> **Assignment**: Extract every line from the records below that contains the word "Sweatshirt".

Top of Excerpted data

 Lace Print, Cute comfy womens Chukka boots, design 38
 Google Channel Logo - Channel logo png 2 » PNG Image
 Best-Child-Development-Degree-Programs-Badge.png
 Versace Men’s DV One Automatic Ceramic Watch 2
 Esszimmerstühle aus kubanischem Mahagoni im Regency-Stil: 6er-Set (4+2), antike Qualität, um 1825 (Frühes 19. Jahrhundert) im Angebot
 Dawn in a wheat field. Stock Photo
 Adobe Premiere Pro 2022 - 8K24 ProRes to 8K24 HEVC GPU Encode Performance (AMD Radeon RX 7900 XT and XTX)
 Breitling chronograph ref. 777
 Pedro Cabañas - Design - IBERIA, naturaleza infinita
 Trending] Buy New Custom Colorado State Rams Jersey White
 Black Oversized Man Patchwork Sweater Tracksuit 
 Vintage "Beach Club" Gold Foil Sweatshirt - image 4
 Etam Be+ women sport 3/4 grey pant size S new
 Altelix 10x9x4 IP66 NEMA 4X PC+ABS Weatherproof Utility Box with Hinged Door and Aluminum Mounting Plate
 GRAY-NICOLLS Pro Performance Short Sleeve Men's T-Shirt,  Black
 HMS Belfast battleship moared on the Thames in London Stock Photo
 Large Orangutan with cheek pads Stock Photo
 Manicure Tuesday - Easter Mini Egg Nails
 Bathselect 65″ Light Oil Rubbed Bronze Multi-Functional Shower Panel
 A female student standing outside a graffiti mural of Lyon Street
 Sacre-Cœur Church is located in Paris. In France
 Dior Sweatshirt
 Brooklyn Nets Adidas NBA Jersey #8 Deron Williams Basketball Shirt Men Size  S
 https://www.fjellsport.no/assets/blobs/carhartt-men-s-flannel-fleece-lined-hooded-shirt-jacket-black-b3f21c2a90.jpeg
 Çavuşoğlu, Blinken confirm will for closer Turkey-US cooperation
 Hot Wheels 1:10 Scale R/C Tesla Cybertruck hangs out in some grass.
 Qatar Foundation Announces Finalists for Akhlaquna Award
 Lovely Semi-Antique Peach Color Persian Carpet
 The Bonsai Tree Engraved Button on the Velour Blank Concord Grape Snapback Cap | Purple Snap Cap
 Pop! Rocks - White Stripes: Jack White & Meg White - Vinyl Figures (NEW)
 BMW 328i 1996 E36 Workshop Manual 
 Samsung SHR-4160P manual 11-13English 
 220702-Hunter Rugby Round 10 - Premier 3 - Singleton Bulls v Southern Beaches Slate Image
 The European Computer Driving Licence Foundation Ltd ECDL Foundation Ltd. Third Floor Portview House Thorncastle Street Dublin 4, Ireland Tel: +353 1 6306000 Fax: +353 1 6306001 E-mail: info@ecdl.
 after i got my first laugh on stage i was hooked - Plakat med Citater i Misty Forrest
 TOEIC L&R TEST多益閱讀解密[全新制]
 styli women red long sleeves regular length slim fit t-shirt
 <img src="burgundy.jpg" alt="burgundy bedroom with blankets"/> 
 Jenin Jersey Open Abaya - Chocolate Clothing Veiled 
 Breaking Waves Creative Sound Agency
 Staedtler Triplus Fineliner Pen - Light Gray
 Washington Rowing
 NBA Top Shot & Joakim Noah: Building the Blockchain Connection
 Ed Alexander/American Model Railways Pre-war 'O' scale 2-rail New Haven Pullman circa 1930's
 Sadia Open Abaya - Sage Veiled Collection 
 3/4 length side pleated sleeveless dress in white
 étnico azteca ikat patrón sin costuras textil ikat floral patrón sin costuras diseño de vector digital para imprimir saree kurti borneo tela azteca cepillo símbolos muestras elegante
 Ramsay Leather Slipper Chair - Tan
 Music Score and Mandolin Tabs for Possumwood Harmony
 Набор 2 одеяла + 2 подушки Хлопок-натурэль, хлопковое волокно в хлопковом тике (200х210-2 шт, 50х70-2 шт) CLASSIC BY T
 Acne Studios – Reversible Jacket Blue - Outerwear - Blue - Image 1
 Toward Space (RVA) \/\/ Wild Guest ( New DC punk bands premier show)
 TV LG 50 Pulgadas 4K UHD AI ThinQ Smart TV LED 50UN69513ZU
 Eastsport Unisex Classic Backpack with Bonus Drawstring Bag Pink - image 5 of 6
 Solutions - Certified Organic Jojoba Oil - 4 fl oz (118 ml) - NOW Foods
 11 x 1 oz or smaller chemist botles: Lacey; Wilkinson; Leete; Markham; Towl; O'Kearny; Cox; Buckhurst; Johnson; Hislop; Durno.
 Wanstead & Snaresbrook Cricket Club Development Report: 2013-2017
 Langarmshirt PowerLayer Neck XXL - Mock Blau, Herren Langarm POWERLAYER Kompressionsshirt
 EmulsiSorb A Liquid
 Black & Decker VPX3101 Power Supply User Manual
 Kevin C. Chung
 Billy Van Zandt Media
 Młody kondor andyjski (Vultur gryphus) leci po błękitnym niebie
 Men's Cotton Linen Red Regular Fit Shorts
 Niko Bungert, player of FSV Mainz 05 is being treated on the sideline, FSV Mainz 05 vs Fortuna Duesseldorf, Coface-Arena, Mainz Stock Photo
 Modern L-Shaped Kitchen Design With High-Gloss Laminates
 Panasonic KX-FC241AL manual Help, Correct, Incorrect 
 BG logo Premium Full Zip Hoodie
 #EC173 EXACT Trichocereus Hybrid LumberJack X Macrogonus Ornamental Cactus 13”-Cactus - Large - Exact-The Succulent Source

Bottom of Excerpted data

> **Answer section**:
 Vintage "Beach Club" Gold Foil Sweatshirt - image 4
 Dior Sweatshirt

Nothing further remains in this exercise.